■ Listed records ■
- Opening Delimiter -

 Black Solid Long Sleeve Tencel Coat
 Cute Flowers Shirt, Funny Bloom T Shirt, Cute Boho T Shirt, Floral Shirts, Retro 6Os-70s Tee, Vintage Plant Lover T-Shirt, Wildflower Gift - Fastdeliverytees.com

- Closing Delimiter -
- Opening Delimiter -

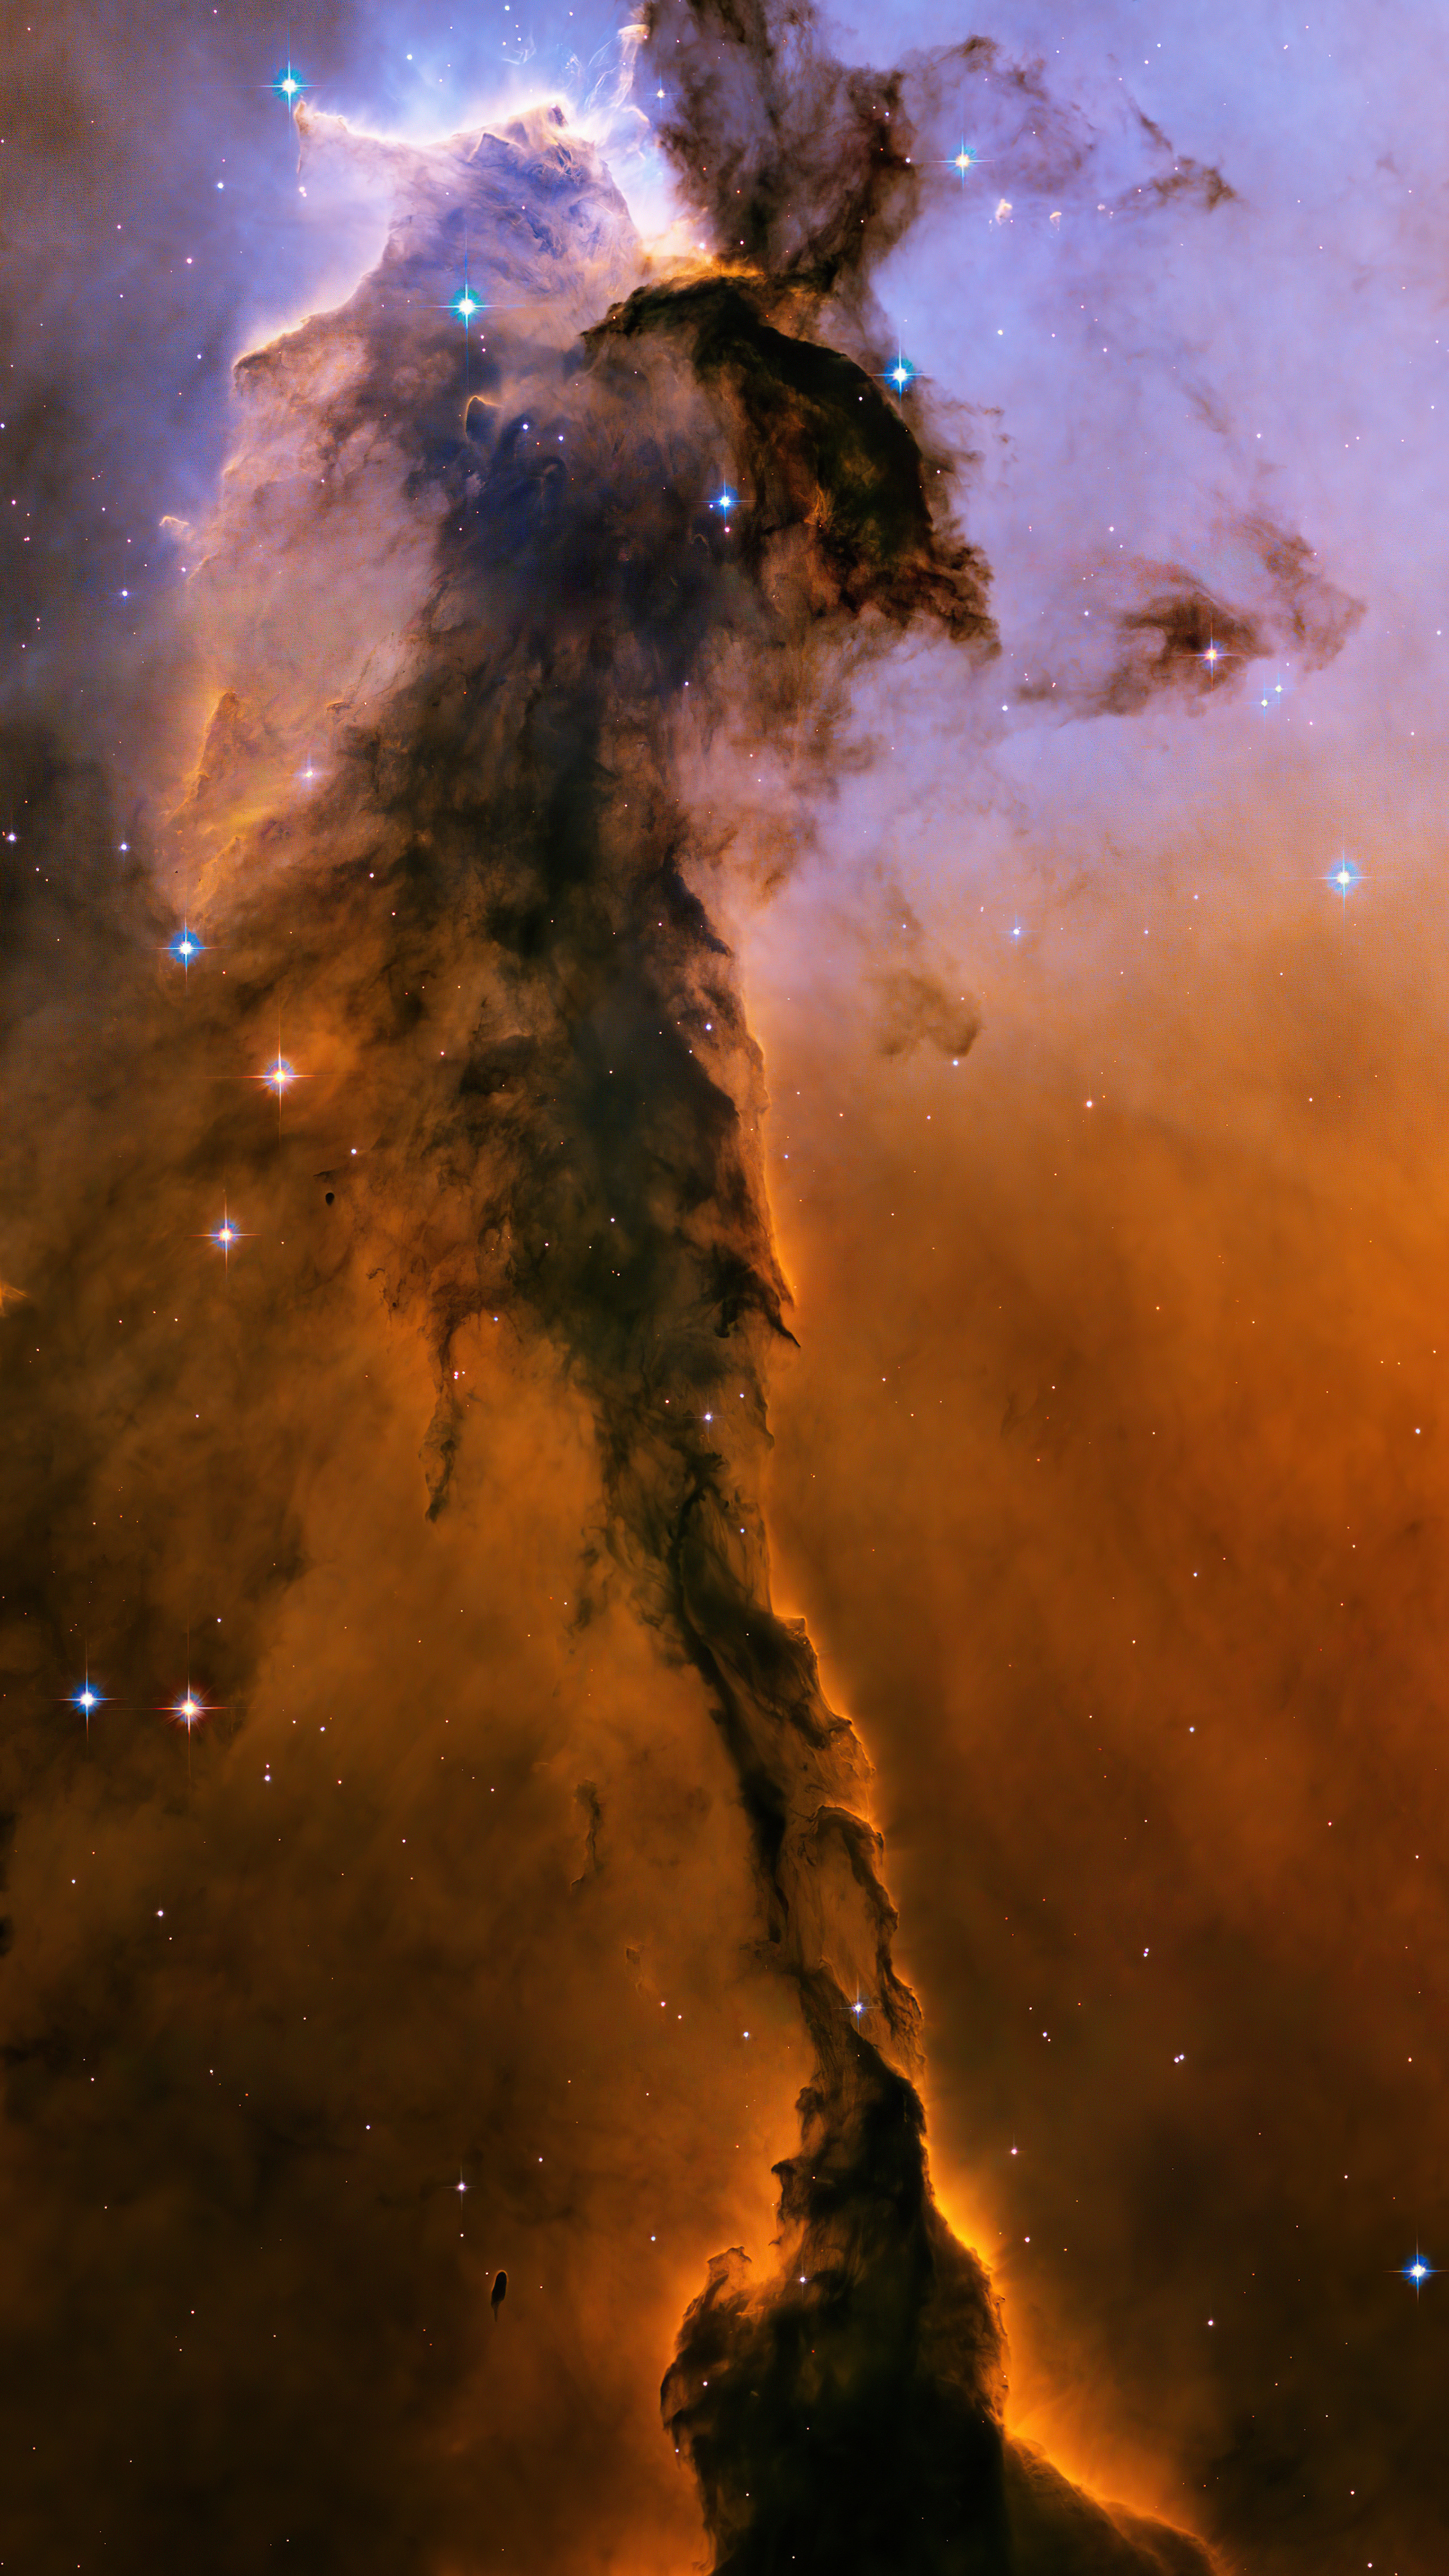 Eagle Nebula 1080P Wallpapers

- Closing Delimiter -

Using the data above, reproduce exactly the lines between those holding "Black Solid Long Sleeve Tencel Coat" and "Cute Flowers Shirt, Funny", inclusive, and no others.

 Black Solid Long Sleeve Tencel Coat
 Cute Flowers Shirt, Funny Bloom T Shirt, Cute Boho T Shirt, Floral Shirts, Retro 6Os-70s Tee, Vintage Plant Lover T-Shirt, Wildflower Gift - Fastdeliverytees.com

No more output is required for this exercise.